Shalat-shalat Sunnah[1]
Di antara nikmat yang Allah berikan kepada kaum muslimin adalah adanya
amalan-amalan sunnah setelah Allah menetapkan adanya amalan-amalan yang wajib.
Dengan adanya amalan-amalan sunnah tersebut, maka semakin banyaklah kesempatan
untuk beramal bagi seorang muslim. Di antara amalan sunnah tersebut adalah apa
yang dikenal sebagai shalat sunnah.
Definisi Shalat Sunnah
Yang dimaksud dengan shalat sunnah adalah seluruh shalat yang apabila
ditinggalkan dengan sengaja oleh seseorang, maka tidak akan menyebabkan ia berdosa.

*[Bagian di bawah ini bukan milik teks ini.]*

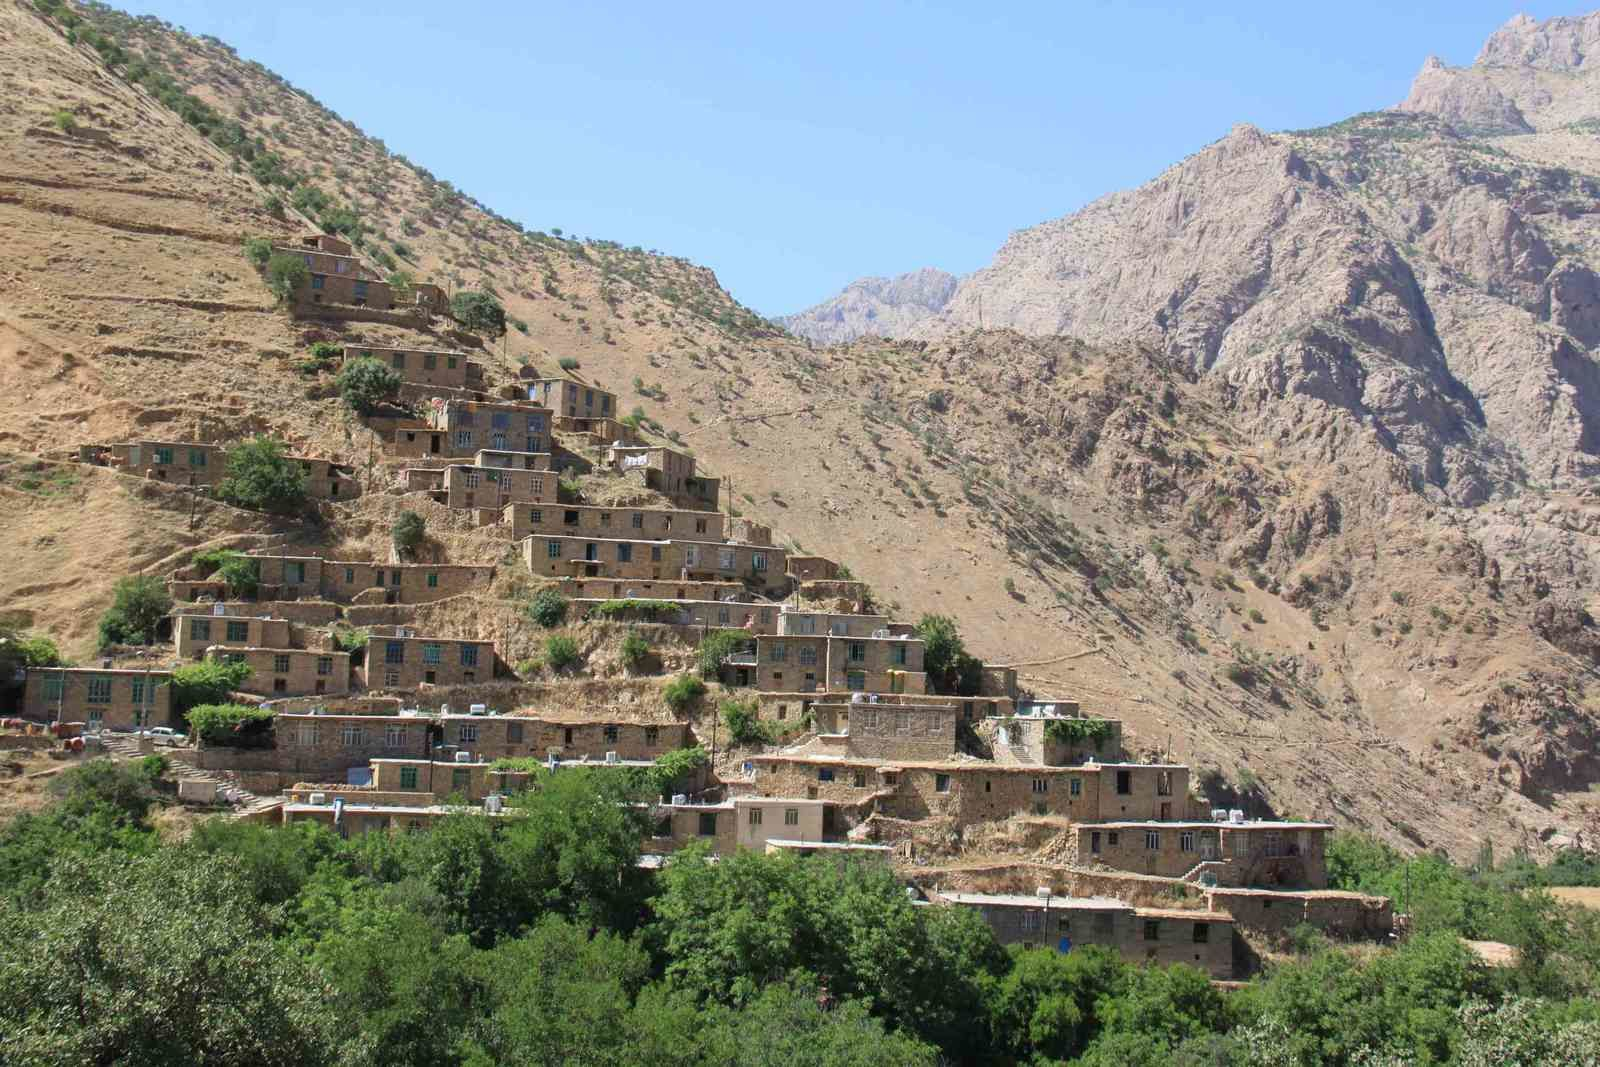 Magnifique Kurdistan iranien !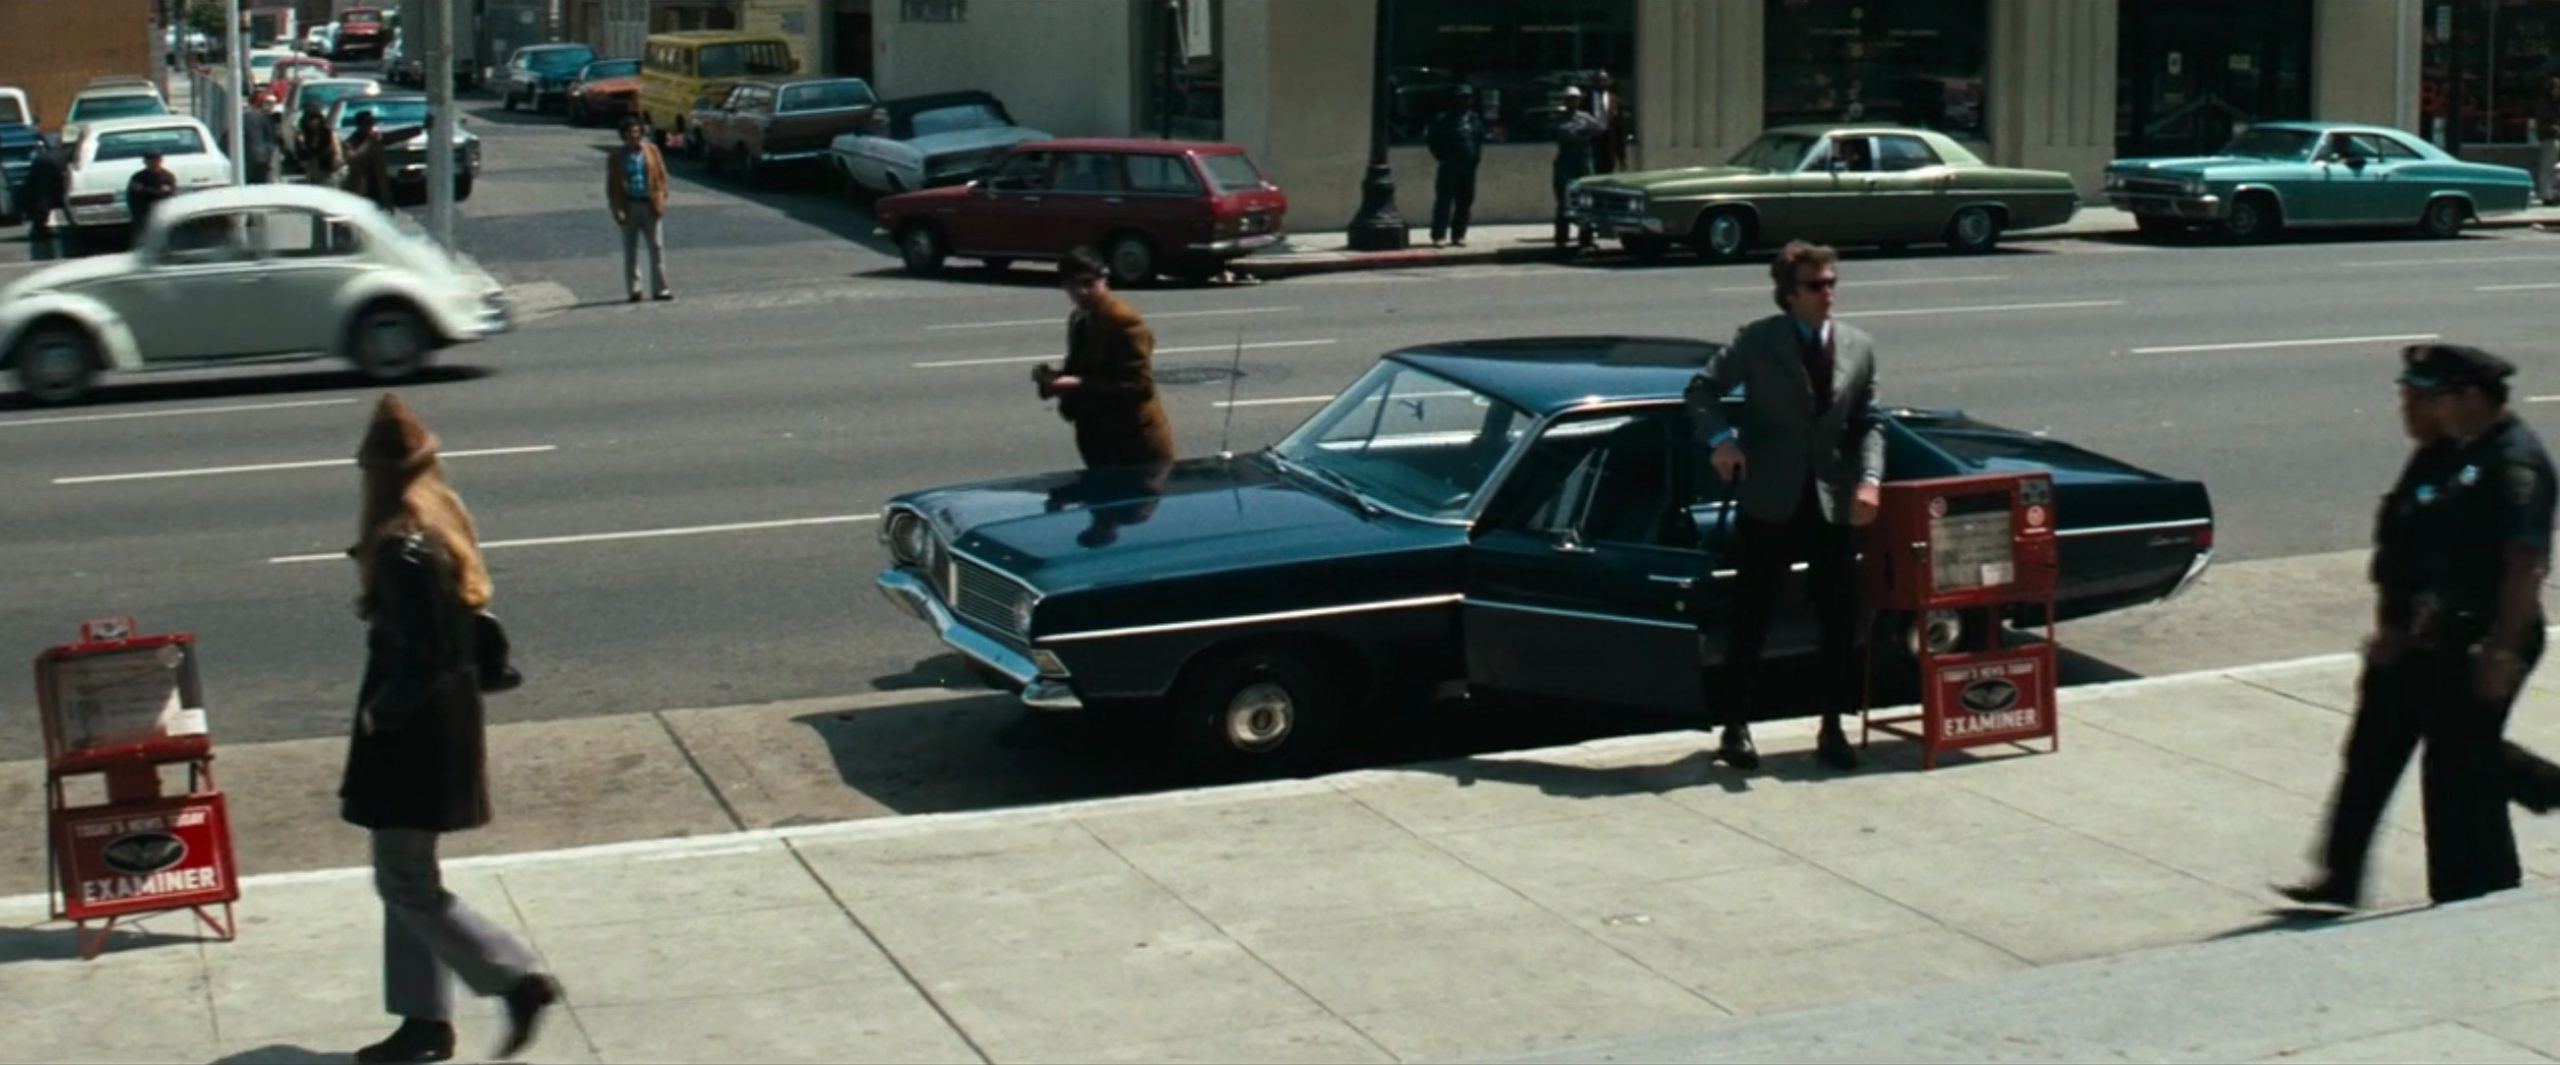 1968 Ford Custom 500 clint eastwood parking still

Dalam ilmu fiqih, shalat sunnah sering juga disebut dengan istilah lain seperti
shalat tathowwu’, shalat mandubah, dan shalat nafilah.
Macam-macam Shalat Sunnah
Berikut di antara shalat sunnah yang dianjurkan untuk dilakukan:
[1] Shalat Rowatib
Shalat rowatib adalah shalat sunnah yang mengiringi shalat wajib yang
lima waktu, baik itu dilaksanakan sebelum atau pun sesudahnya. Shalat rowatib
yang dilakukan sebelum shalat wajib dinamakan juga dengan shalat sunnah
qobliyyah dan shalat rowatib yang dilakukan sesudah shalat wajib dinamakan juga
dengan shalat sunnah ba’diyyah. Berdasarkan keterangan-keterangan hadits yang
ada, berikut jumlah dan waktu shalat rowatib yang boleh dilakukan : dua raka’at
sebelum shubuh, empat raka’at sebelum dan sesudah zuhur, empat raka’at sebelum
ashar, dua raka’at sebelum dan sesudah maghrib, serta dua raka’at sesudah
‘isya.
Sangat dianjurkan untuk merutinkan shalat rowatib 12 raka’at dalam
sehari dan semalam. Dalam sebuah hadits Rasulullahshallallahu ‘alaihi wa sallam
bersabda:
“Barangsiapa shalat dalam sehari semalam dua belas raka’at maka
akan dibangunkan untuknya rumah di Surga, yaitu: empat raka’at sebelum zuhur
dan dua raka’at sesudahnya, dua raka’at sesudah maghr.ib, dua raka’at sesudah
‘isya, dan dua raka’at sebelum shubuh” (HR. Tirmidzi, derajat: hasan).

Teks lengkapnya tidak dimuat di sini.